**PROMPT**
The answer should be every line below, repeated exactly, with the images left out.

**GIVEN DATA**
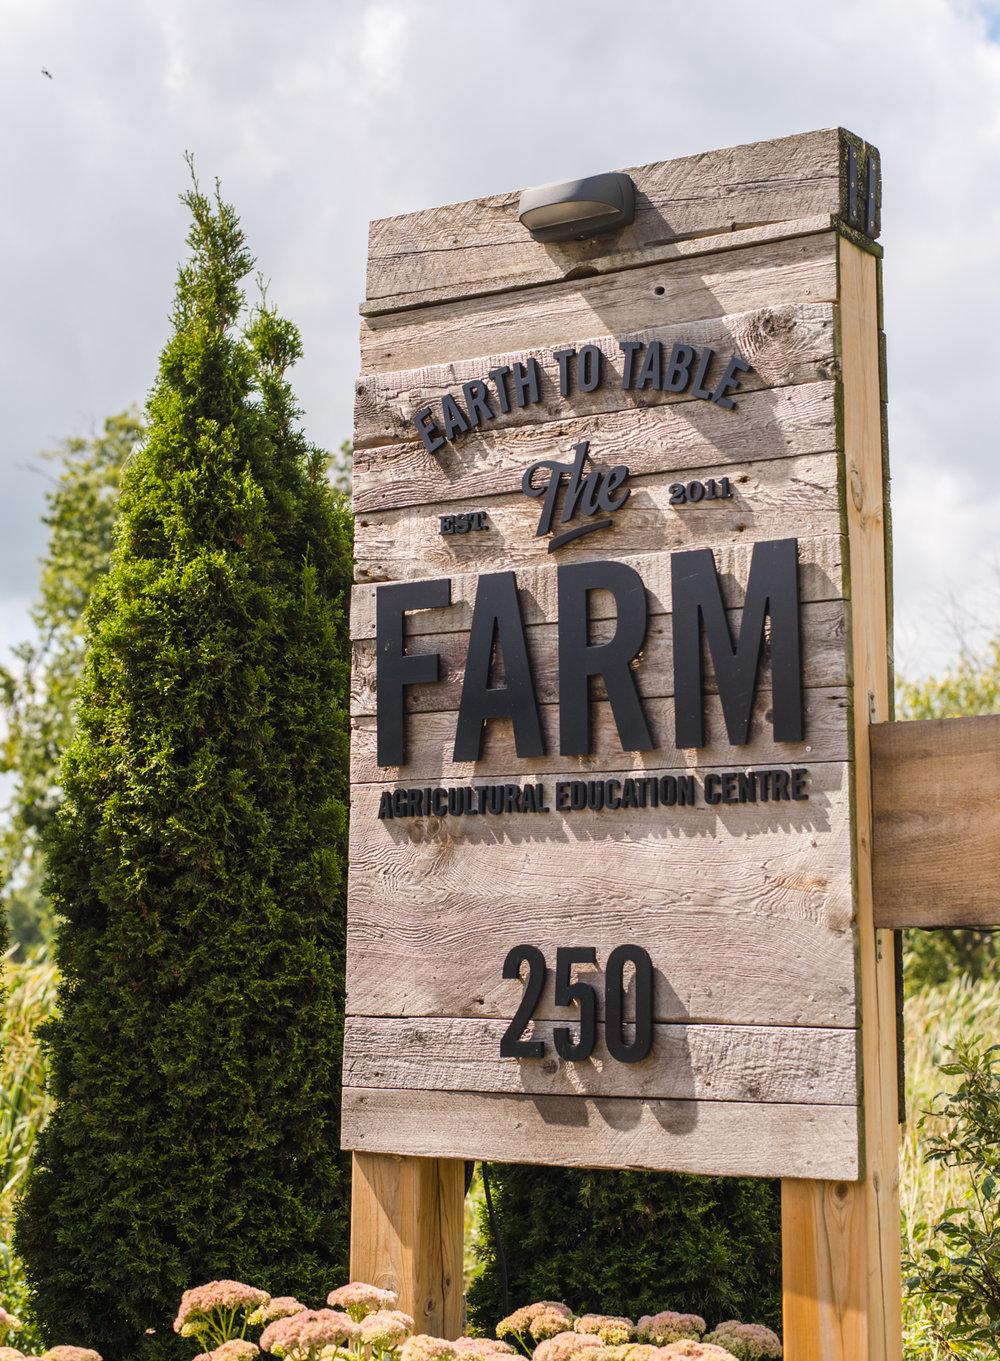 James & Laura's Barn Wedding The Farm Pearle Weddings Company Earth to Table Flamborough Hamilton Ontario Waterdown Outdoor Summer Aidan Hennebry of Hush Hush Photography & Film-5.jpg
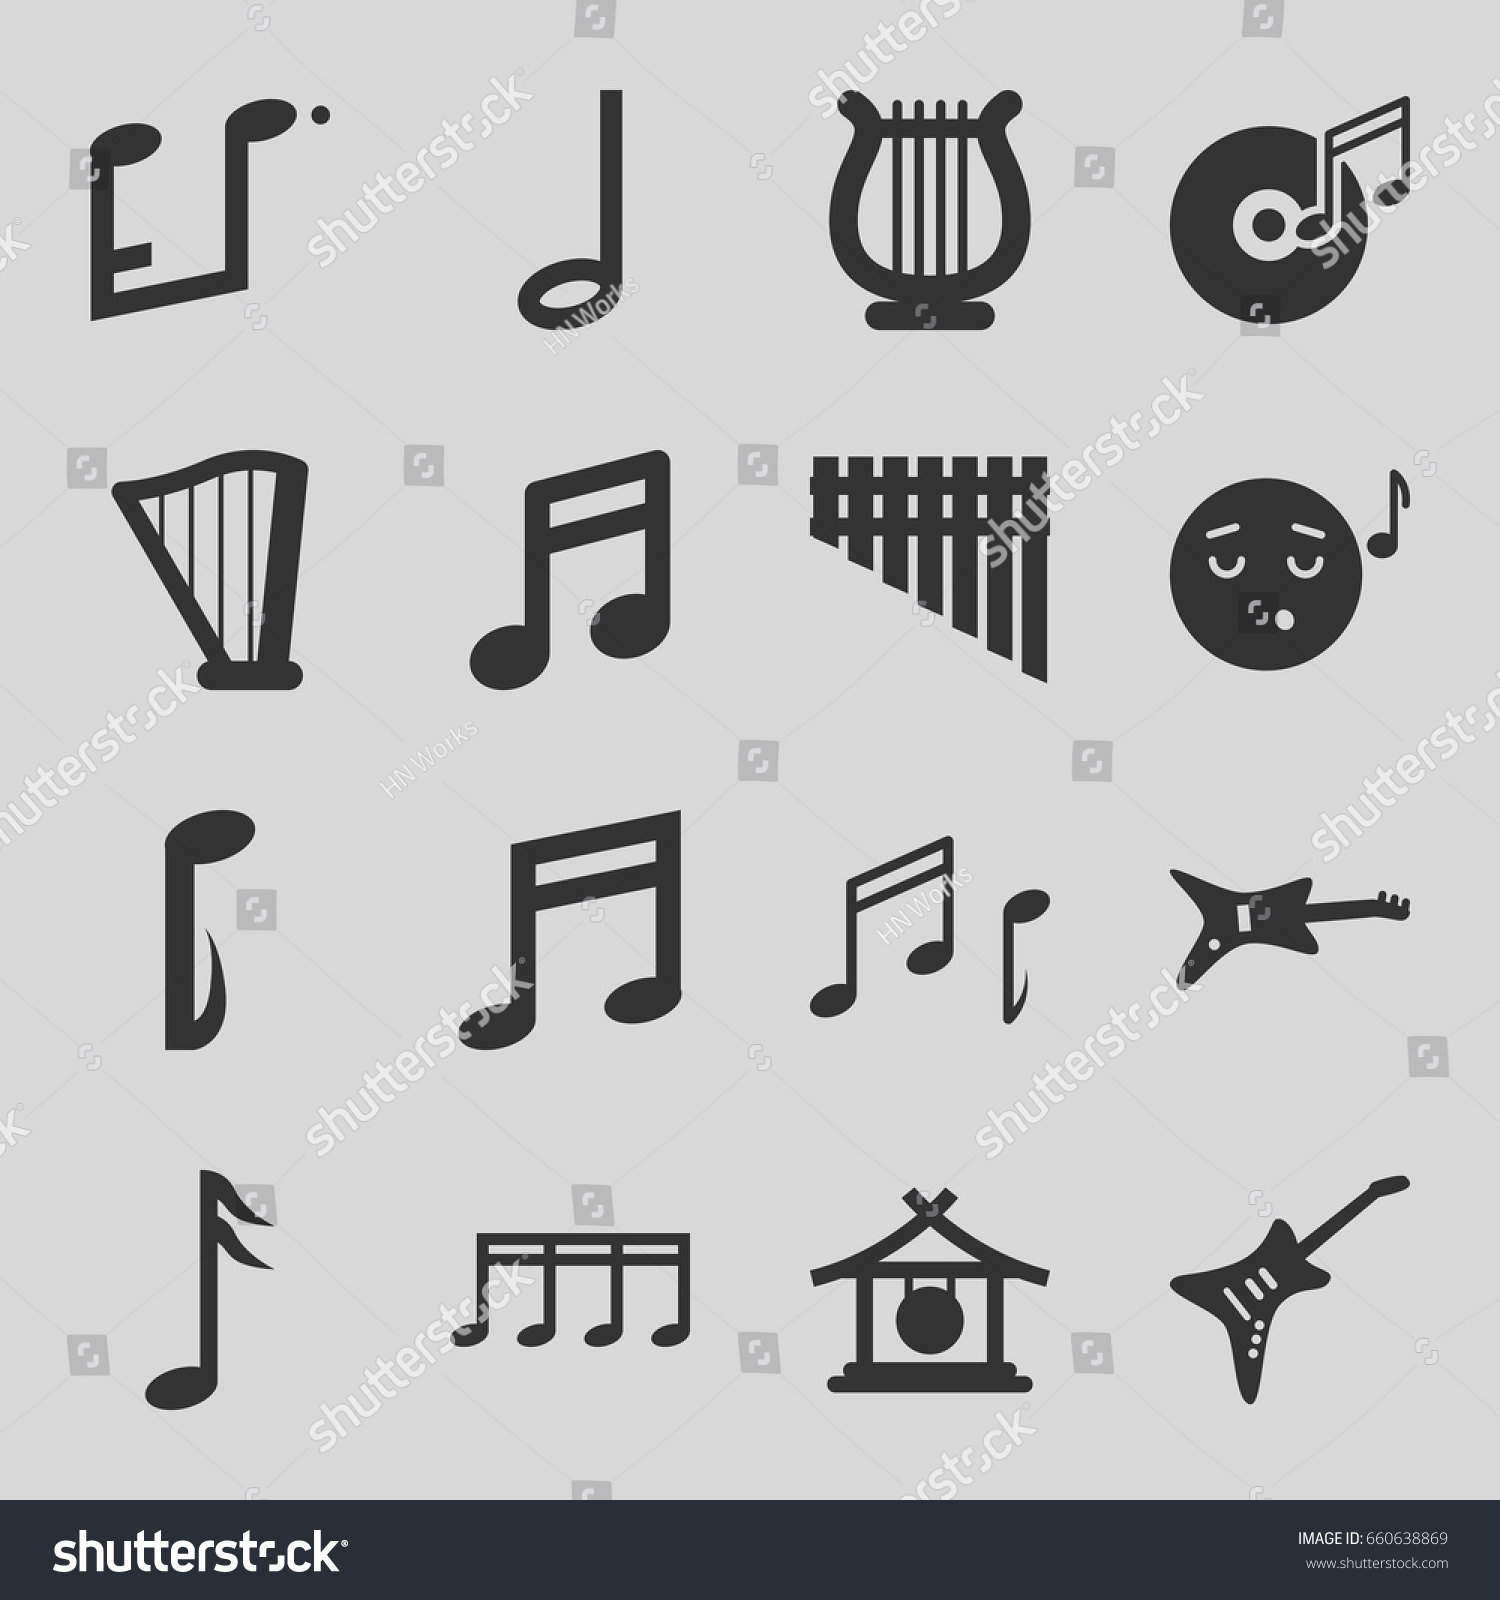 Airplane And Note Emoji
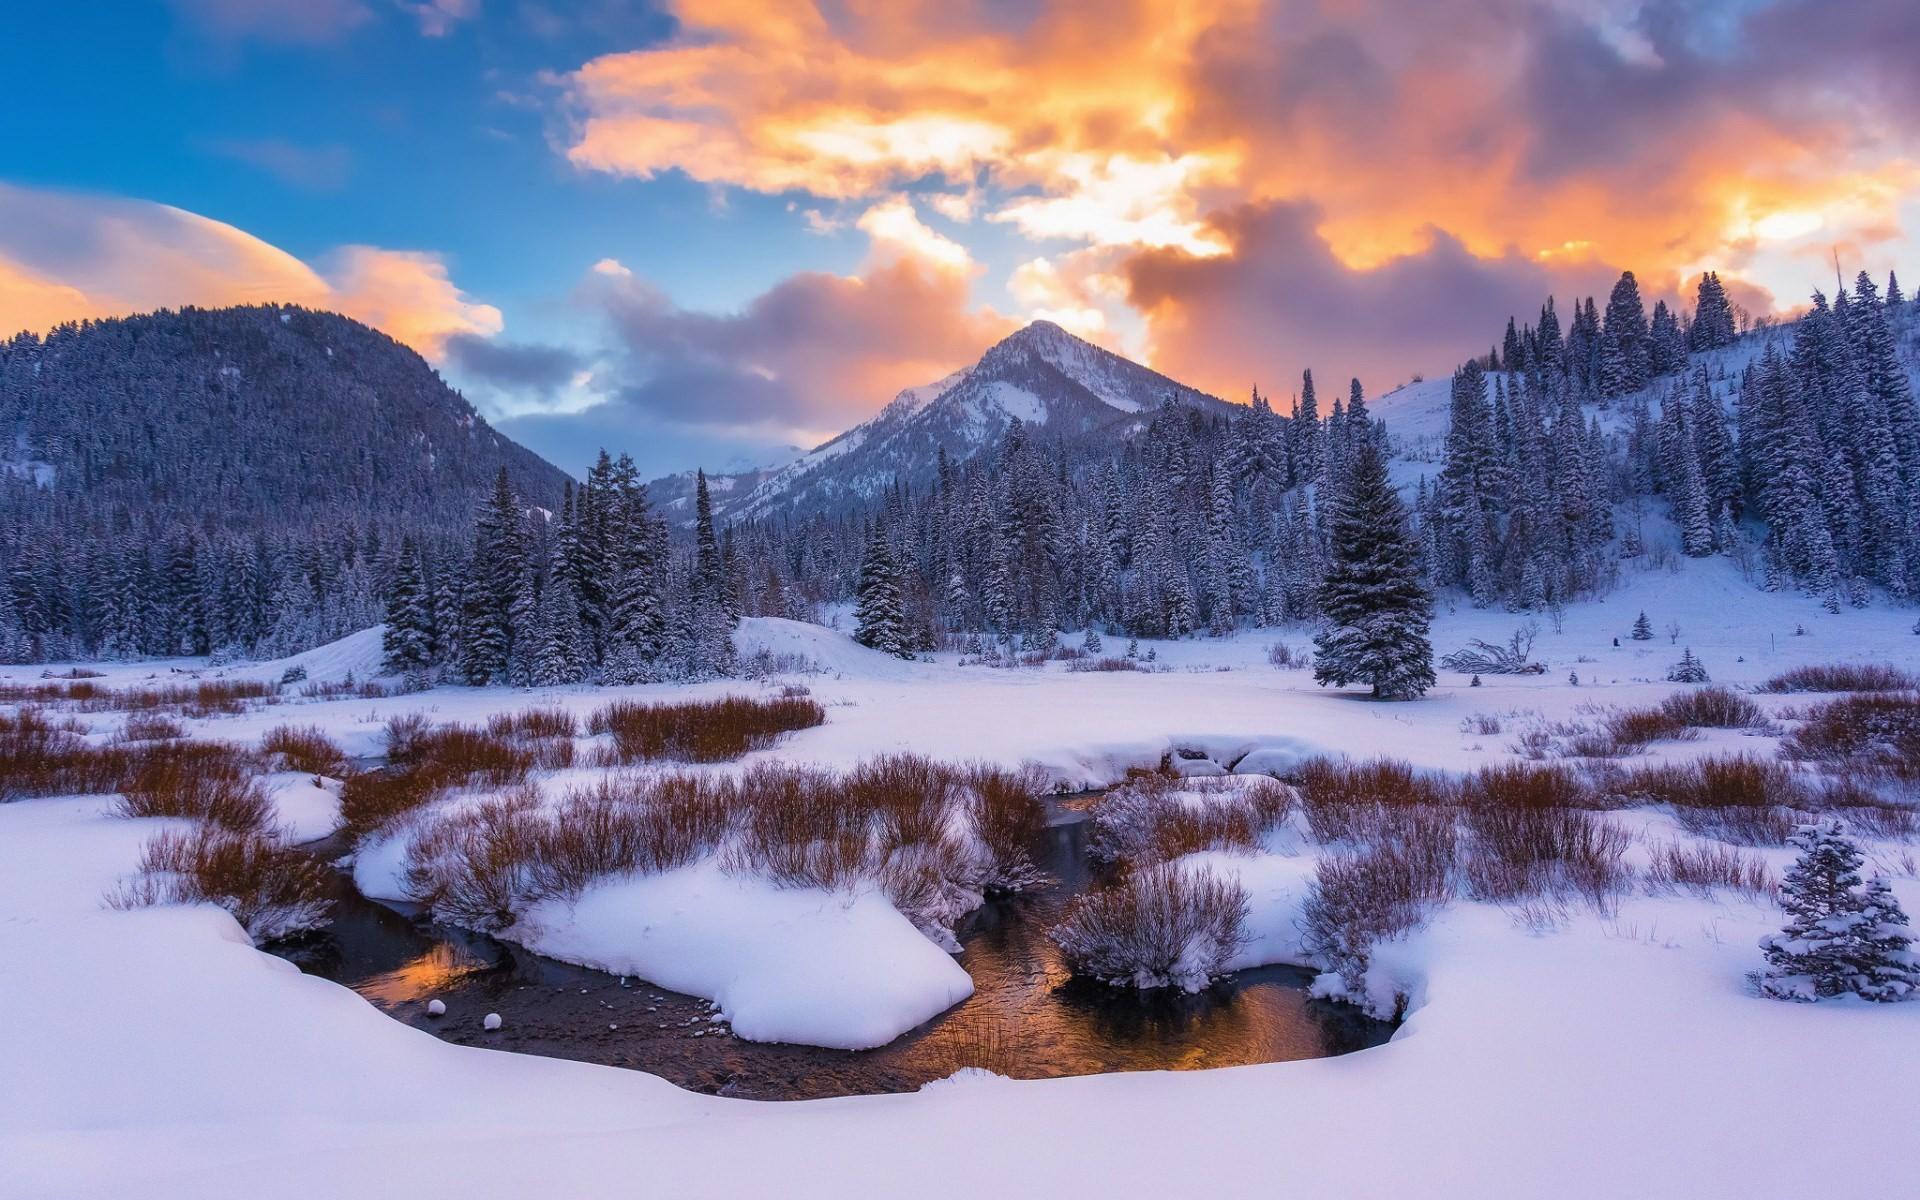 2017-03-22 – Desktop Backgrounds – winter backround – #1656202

**ANSWER SECTION**
 James & Laura's Barn Wedding The Farm Pearle Weddings Company Earth to Table Flamborough Hamilton Ontario Waterdown Outdoor Summer Aidan Hennebry of Hush Hush Photography & Film-5.jpg
 Airplane And Note Emoji
 2017-03-22 – Desktop Backgrounds – winter backround – #1656202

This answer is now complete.